1971年8月22日的伦敦,天气阴沉,薄雾裹挟着煤烟味弥漫在街头。一个瘦高男人从街角现身,银白色头发在灰蒙蒙的空气中格外醒目。他身披拖地紫色斗篷,内衬深色长袍,脚踏带搭扣的高跟靴子,步伐沉稳。半月形眼镜后,湛蓝的眼睛锐利如鹰;那长长的鼻子扭曲变形,仿佛曾断裂过两次。他在孤儿院门前驻足,抬头望向锈迹斑斑的招牌——“圣代孤儿院”。一位矮小女士守在门口,男人大步流星地迎上去。
“早上好,艾玛。”他的声音温暖而洪亮。
“早上好,邓布利多先生。”艾玛院长颔首回应。
前往塔莉娅房间的途中,邓布利多问道:“塔莉娅·伊兹拉小姐近来如何?”
“她来两年了,性子孤僻,极少与人交流。孩子们大多疏远她。”艾玛轻叹,“可她的情绪像一潭静水,我从没见她大喜或大悲。”
“哦,我们到了。”艾玛停在109号房前,指节轻叩三下。
“请进。”一个清冷的声音从门内飘出。
艾玛推开门——塔莉娅端坐椅中,凝望着窗外昏沉的天空。“塔莉娅,邓布利多先生找你。”
女孩缓缓起身,“谢谢您,艾玛院长。”艾玛投以慈爱一瞥,悄然带上门离去。
“请坐,邓布利多先生。”塔莉娅的声音在幽闭空间里显得格外疏离。邓布利多微微一笑,欣然落座床沿。“这两年过得怎样?”他温和地问。
“承蒙关心,我很好。”塔莉娅慵懒地倚回椅背,“按您的要求,我没让这儿横尸遍野。若为此事而来,您现在便可离开。”
邓布利多推了推眼镜,镜片反光掩不住眼底的洞察。“塔莉娅,我来不只为确认。你无需因恐惧而拒绝友情。”
塔莉娅轻笑起身,唰地拉上窗帘。房间遁入昏暗,她直视那双蓝眸:“直说吧,邓布利多先生。”

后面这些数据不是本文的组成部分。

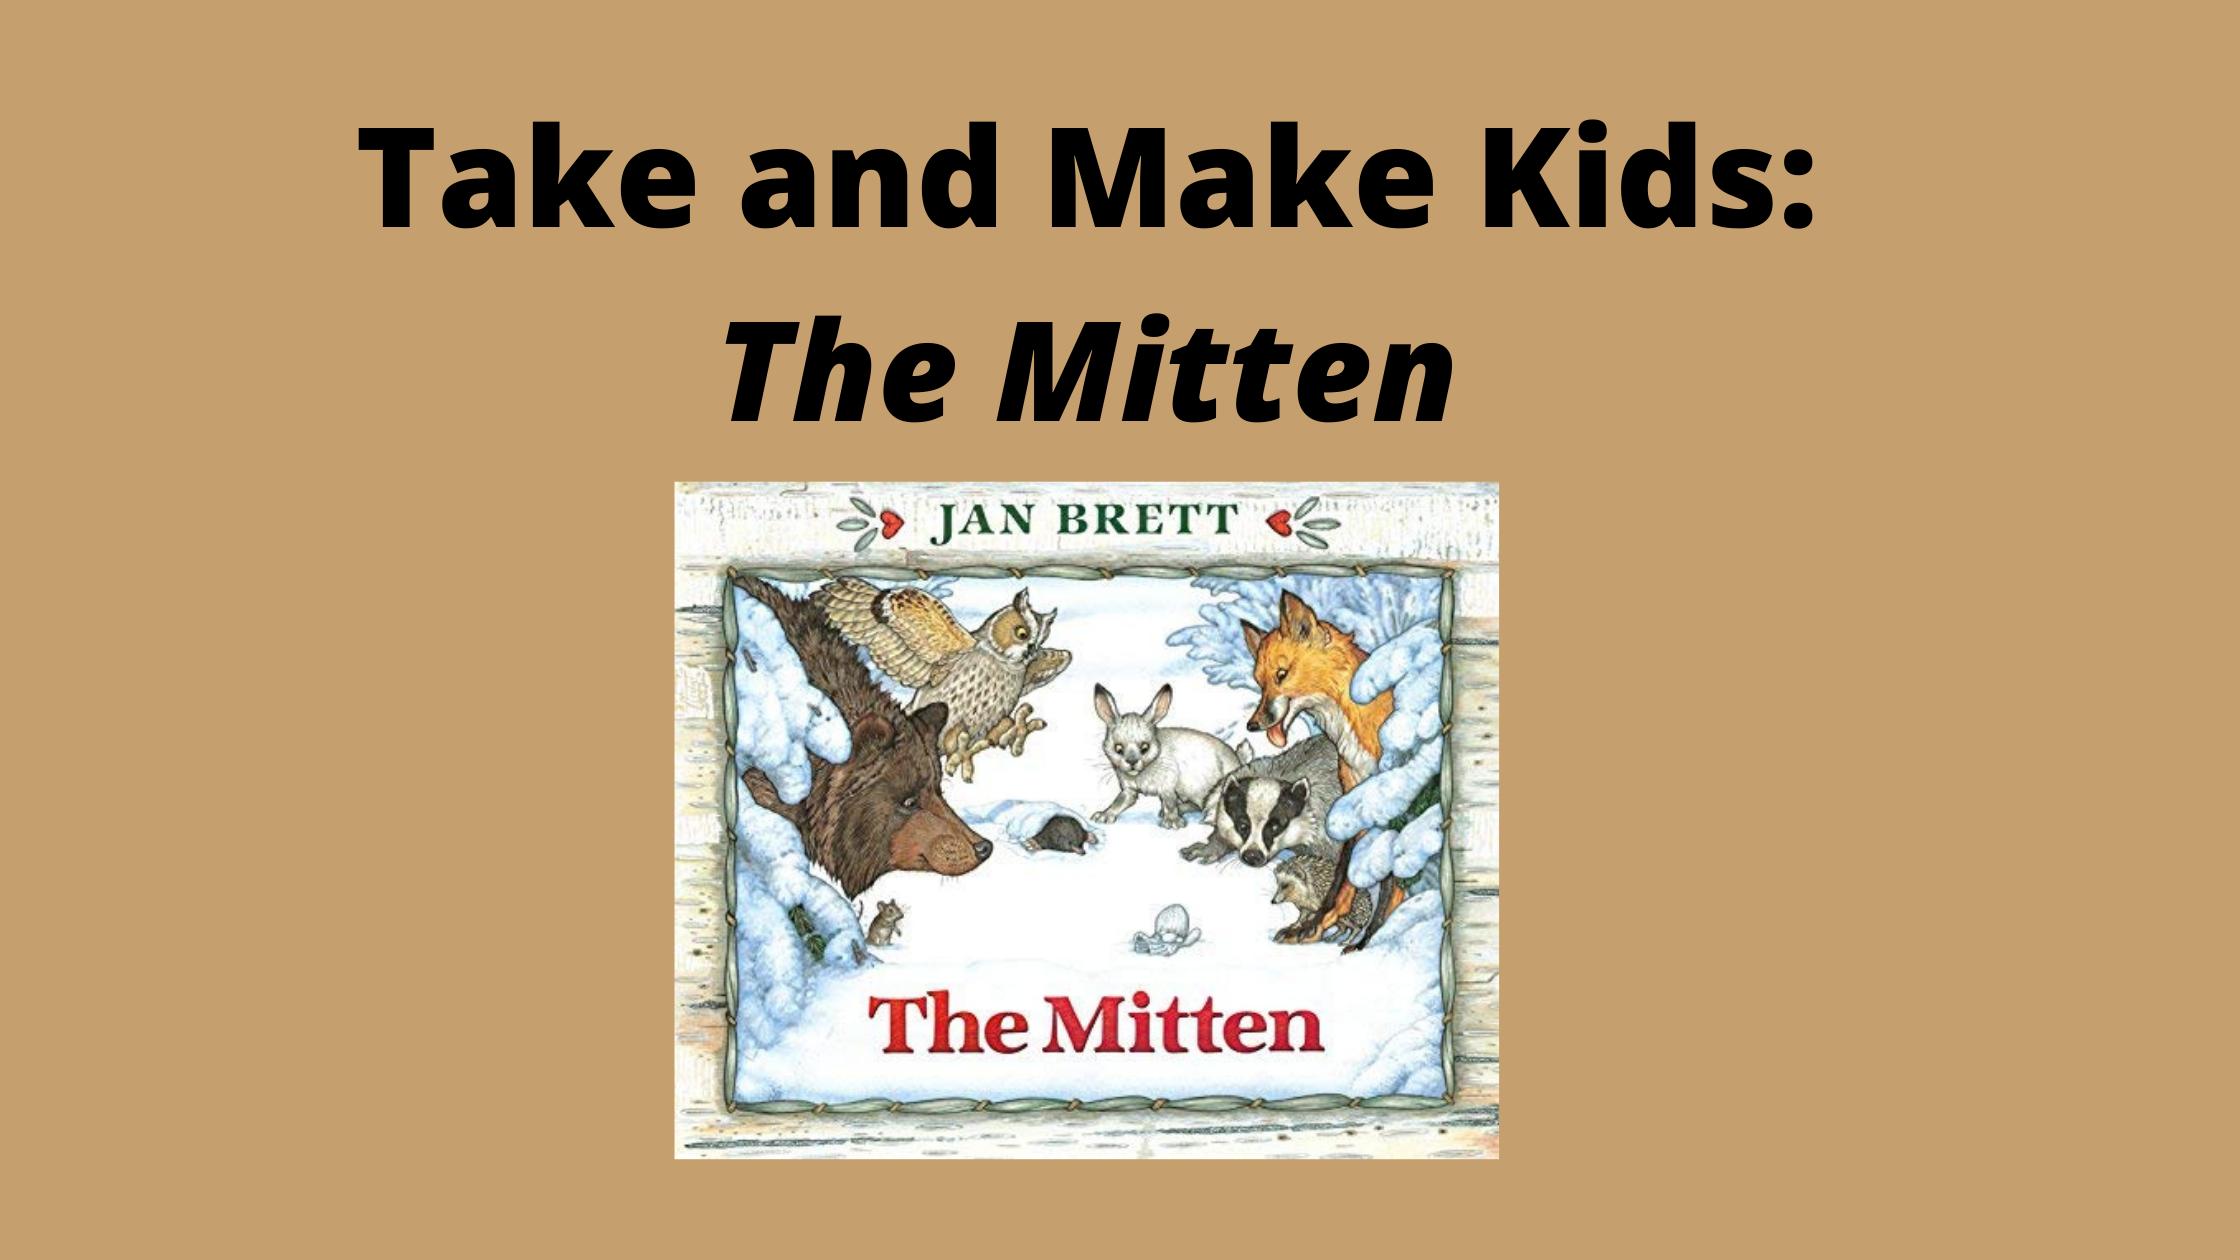 Take and Make Kids: The Mitten

“很好,”邓布利多愉快地说,“伊兹拉小姐,我正式通知您:今年9月1日,您将入读霍格沃茨魔法学校。鉴于您的身份,学校将派教授协助购置用品。斯拉格霍恩教授明日会带你和西里斯·布莱克一同采购——布莱克家族坚持院长亲自引导继承人,这是纯血统的傲慢,也是你的掩护。"
塔莉娅垂眸,“看来我是个巫师?”
“正是。”邓布利多挑眉,“你不好奇?据我所知,你从未接触过魔法。”
“曾经有个男孩提过。”塔莉娅嘴角微扬,“邓布利多先生,这是否暗示您知晓我的某些事?毕竟,您如何笃定我未涉足魔法?”
“哈哈哈!”邓布利多轻笑,“塔莉娅,你与众不同。不错,我与你父母是故交。很遗憾,他们都死于伏地魔之手。”
塔莉娅指尖轻敲扶手,“伏地魔逼死我母亲后,又对我父亲下手?”
“是的。”邓布利多神色肃然,“他们是杰出的巫师,我至今痛惜。”
“杰出巫师未必是称职父母。”塔莉娅讥诮道,“连父母姓名都无从知晓的孩子,岂不可笑?”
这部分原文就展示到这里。